In the ‘20s, Detroit was the place to be. Jobs were plentiful, and access to cheap then-illegal booze was just a stone’s throw away in Ontario, creating a hotspot for arts, nightlife, and organized crime in the Motor City. While there were both honest and less-than-honest ways to make a living in Detroit, before 1927, the only way to conduct business with Windsor, Ontario or vice versa year-round was by boat (though bootleggers famously would drive across the frozen solid Detroit River in the winter in order to pick up illegal hooch. Now smugglers use submarines.)

It was a particular pain because large Great Lakes freighters were constantly heading up and down the river to access points along the Great Lakes while smaller boats ferried goods and people across the river leading to monumental traffic jams.

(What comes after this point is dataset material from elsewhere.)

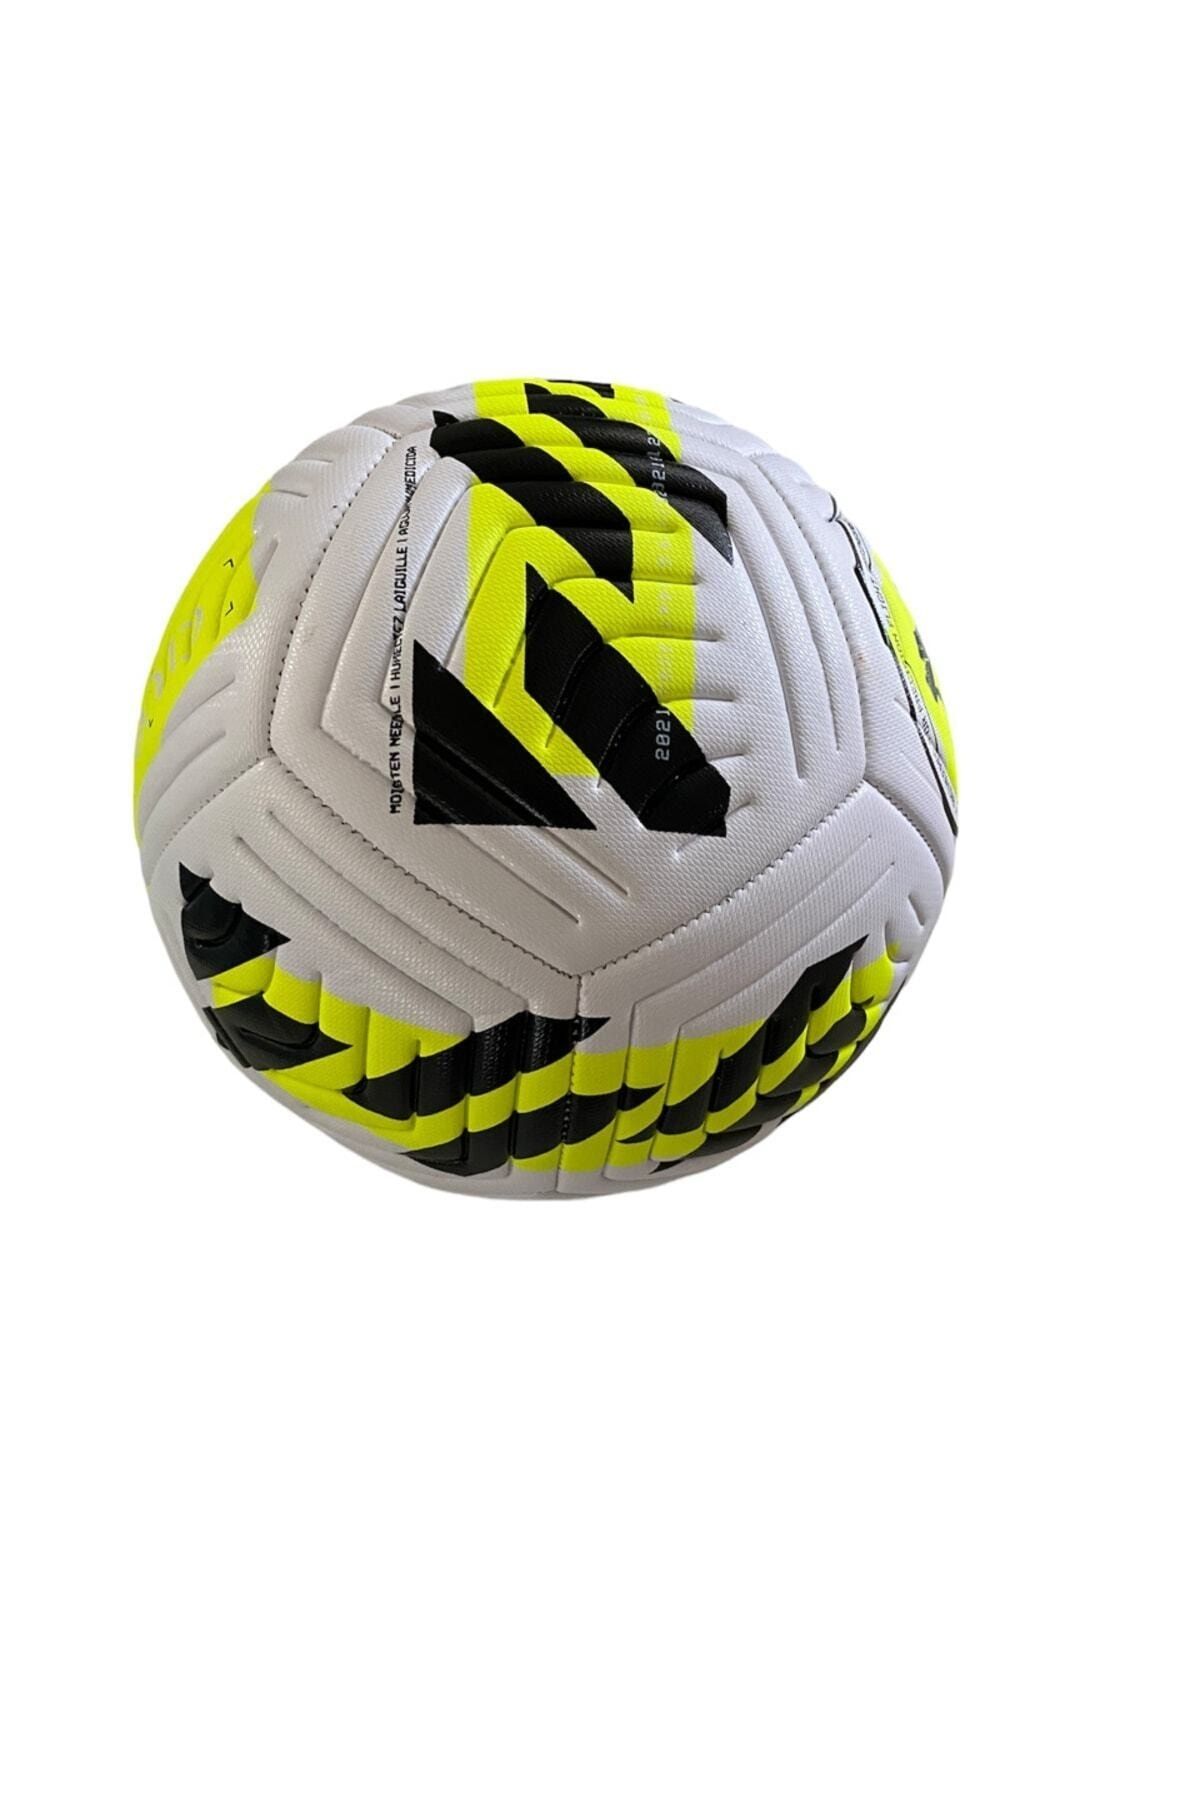 Muba 4 Astarlı Sert Zemin Futbol Topu Halı Saha Topu Maç Topu 420gr

The smaller ferries were also ineffective at carrying large loads, meaning a single train car might require multiple trips to unload into the neighboring country, leading to rail jams as well. Various private companies and governmental bodies tried to come up with a plan to build a bridge across the river but the cost and the protests of ship captains eager to keep their lucrative gigs kept the plans from ever really getting off the ground, according to The Ambassador Bridge: A Monument to Progress.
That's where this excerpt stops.